Bioinformatics. 2011 Apr 1;27(7):925-32. doi: 10.1093/bioinformatics/btr044. Epub 2011 Feb 3.
The database of known protein structures (PDB) is increasing rapidly. This results in a growing need for methods that can cope with the vast amount of structural data. To analyze the accumulating data, it is important to have a fast tool for identifying similar structures and clustering them by structural resemblance.
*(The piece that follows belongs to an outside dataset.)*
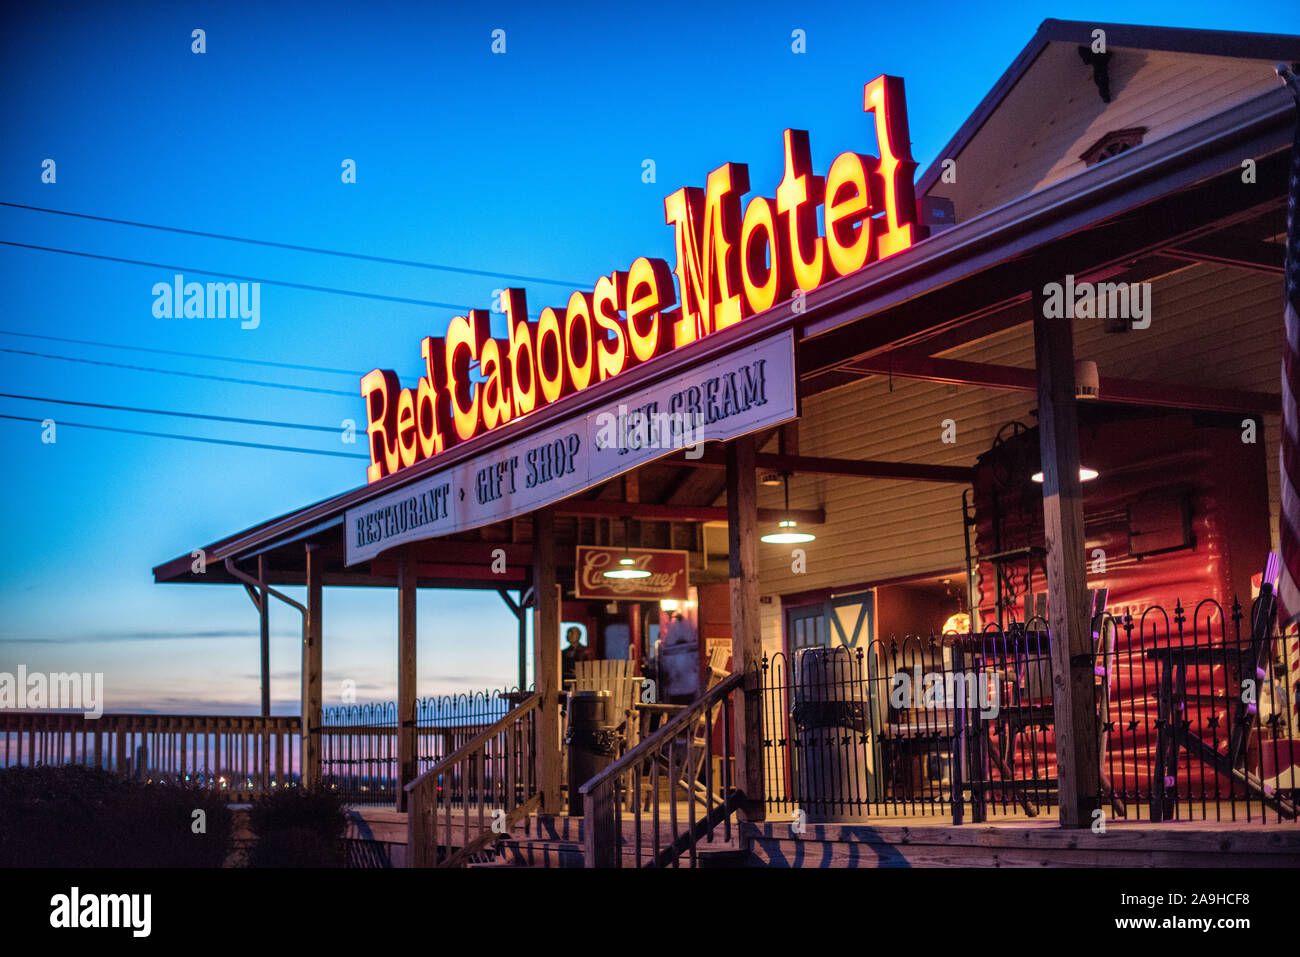 RONKS Pennsylvania - Red Caboose Motel, vicino Lancastter, PA, è una stazione ferroviaria motel a tema e ristorante. Non è distante da altri di tema ferroviario attrazioni e musei nelle vicinanze. Le sistemazioni dell'hotel sono convertiti in vecchi vagoni ferroviari. Foto Stock

Several excellent tools have been developed for the comparison of protein structures. These usually address the task of local structure alignment, an important yet computationally intensive problem due to its complexity. It is difficult to use such tools for comparing a large number of structures to each other at a reasonable time.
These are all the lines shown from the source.